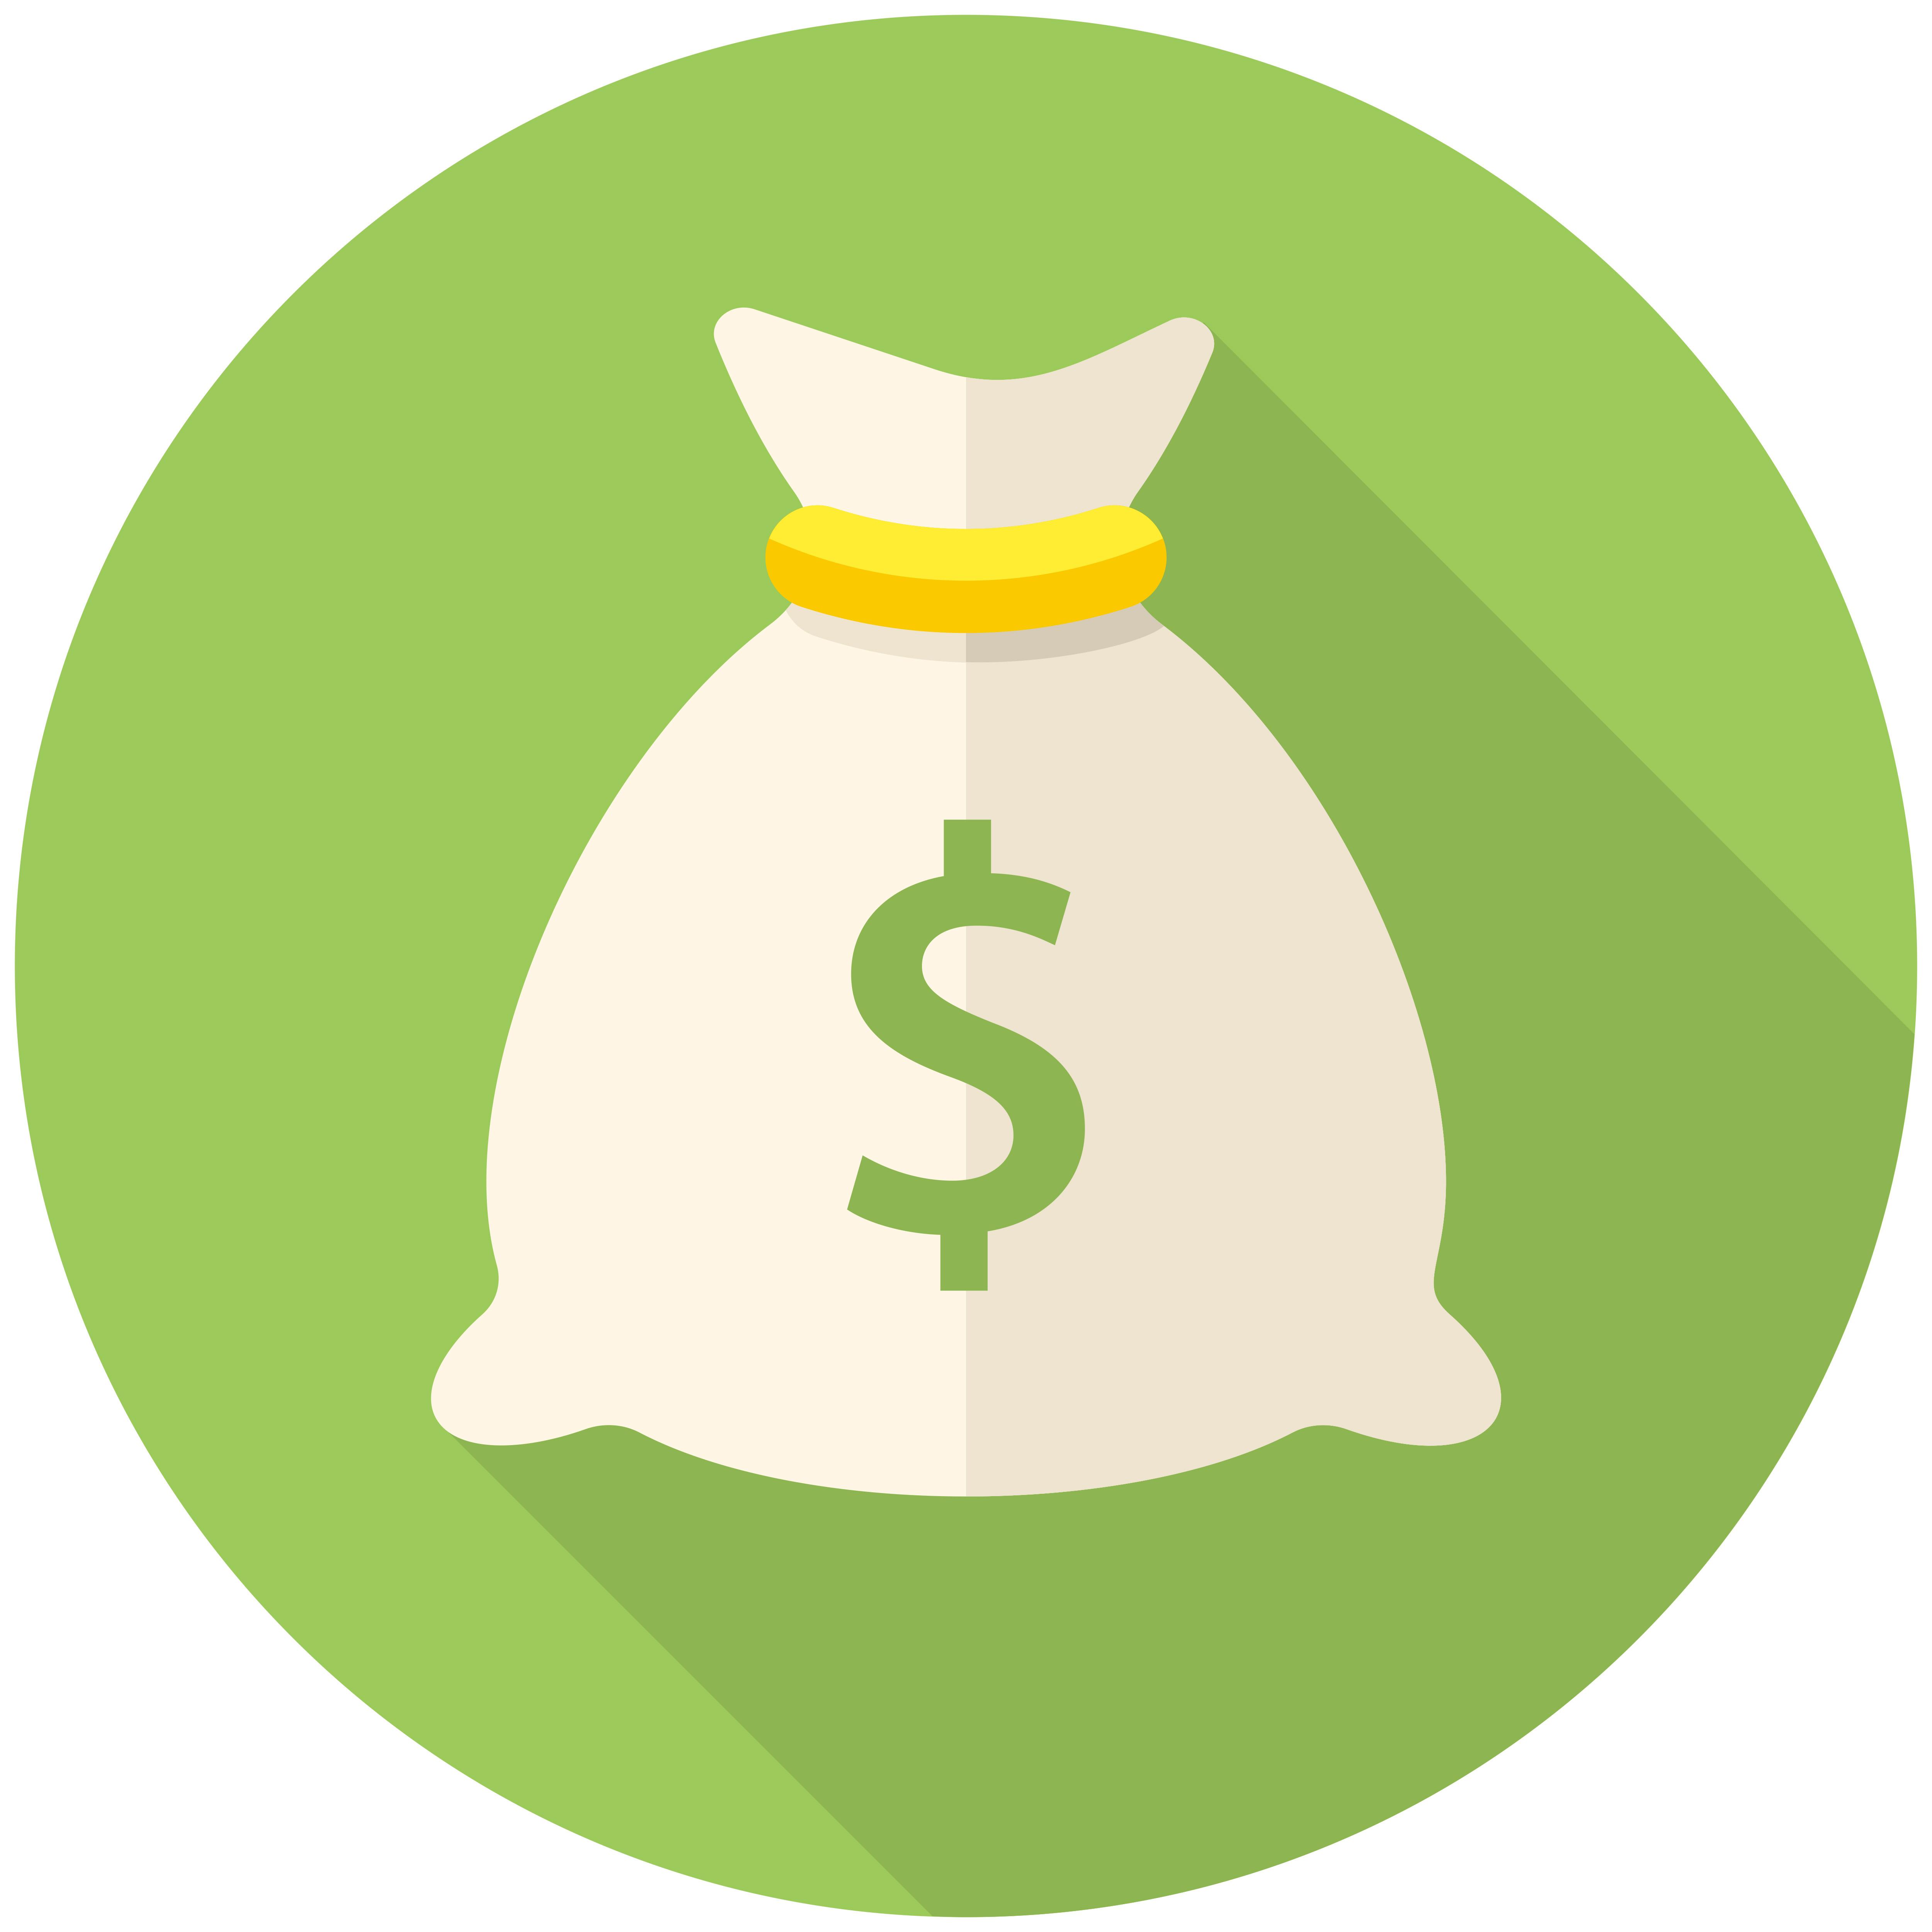 Money_bag_icon
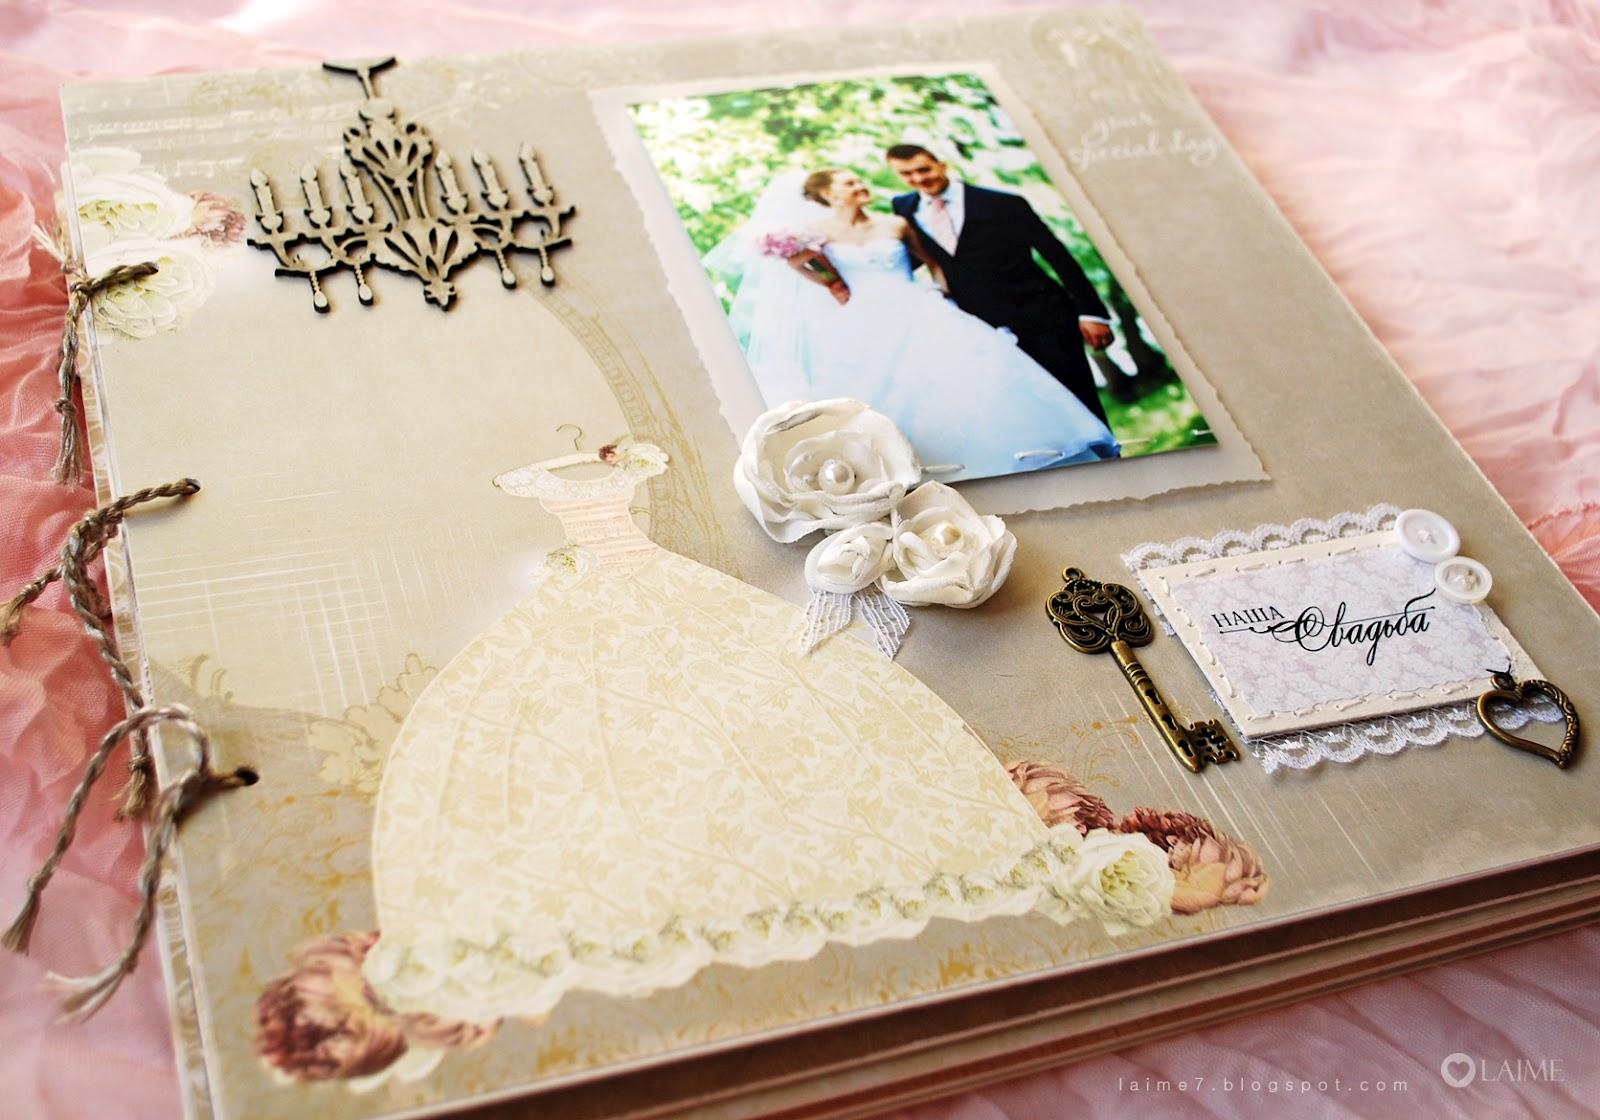 Фото скрапбукинг свадебный альбом | Идеи для рукоделия
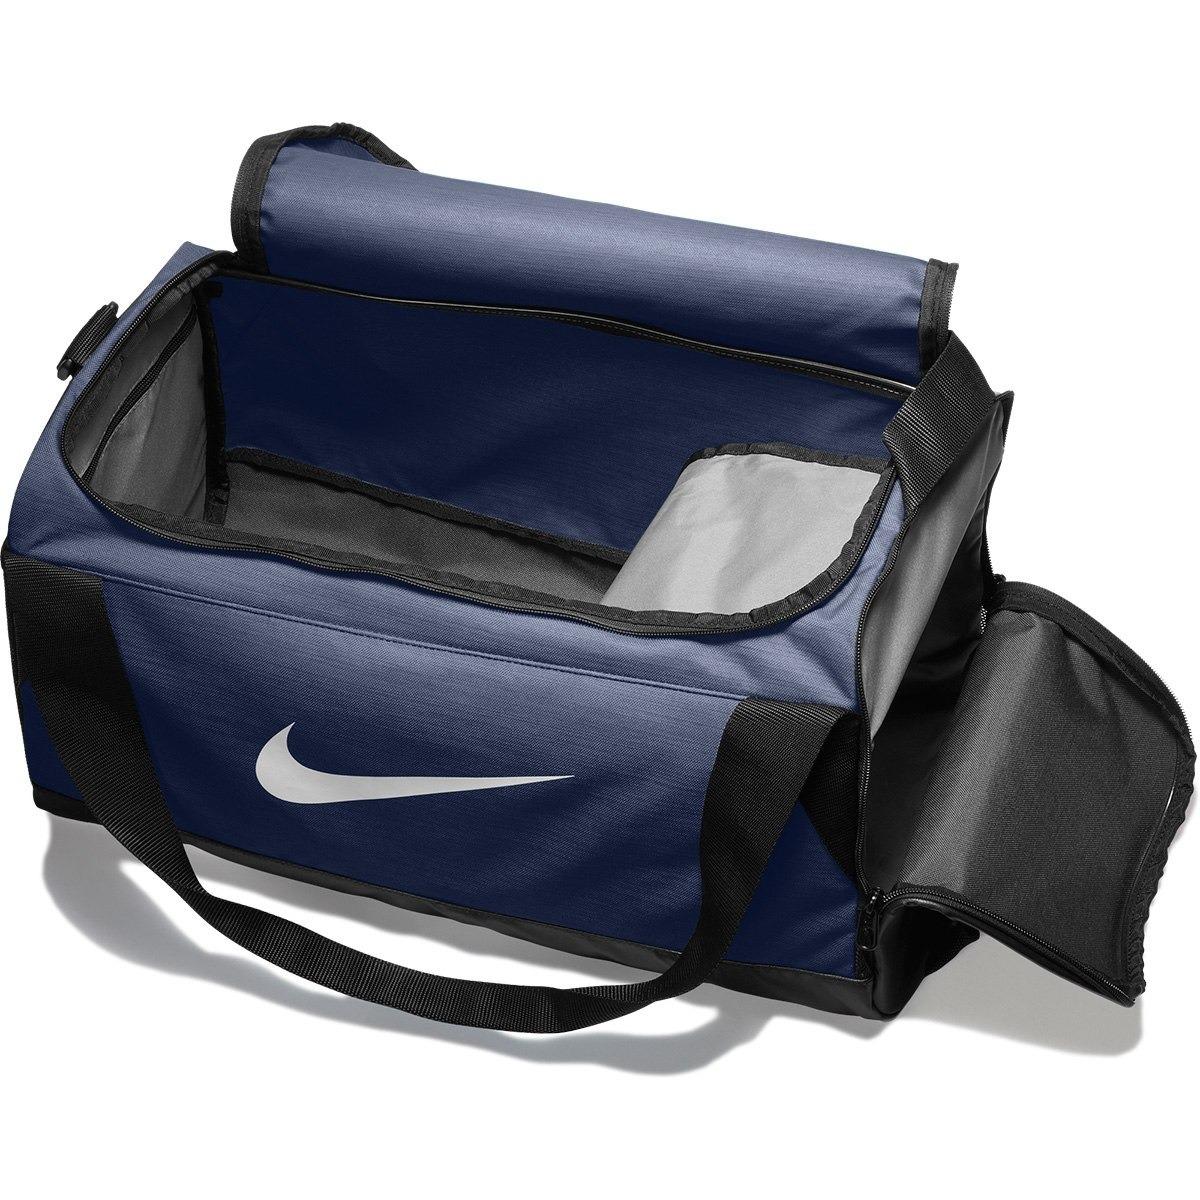 af34d8c4d Bolsa Nike Brasilia Duffel Small (p) - Azul Marinho - R$ 139,90 em ...

◆ Exercise ◆
Omit pictures and output the listing exactly.

◆ Solution ◆
 Money_bag_icon
 Фото скрапбукинг свадебный альбом | Идеи для рукоделия
 af34d8c4d Bolsa Nike Brasilia Duffel Small (p) - Azul Marinho - R$ 139,90 em ...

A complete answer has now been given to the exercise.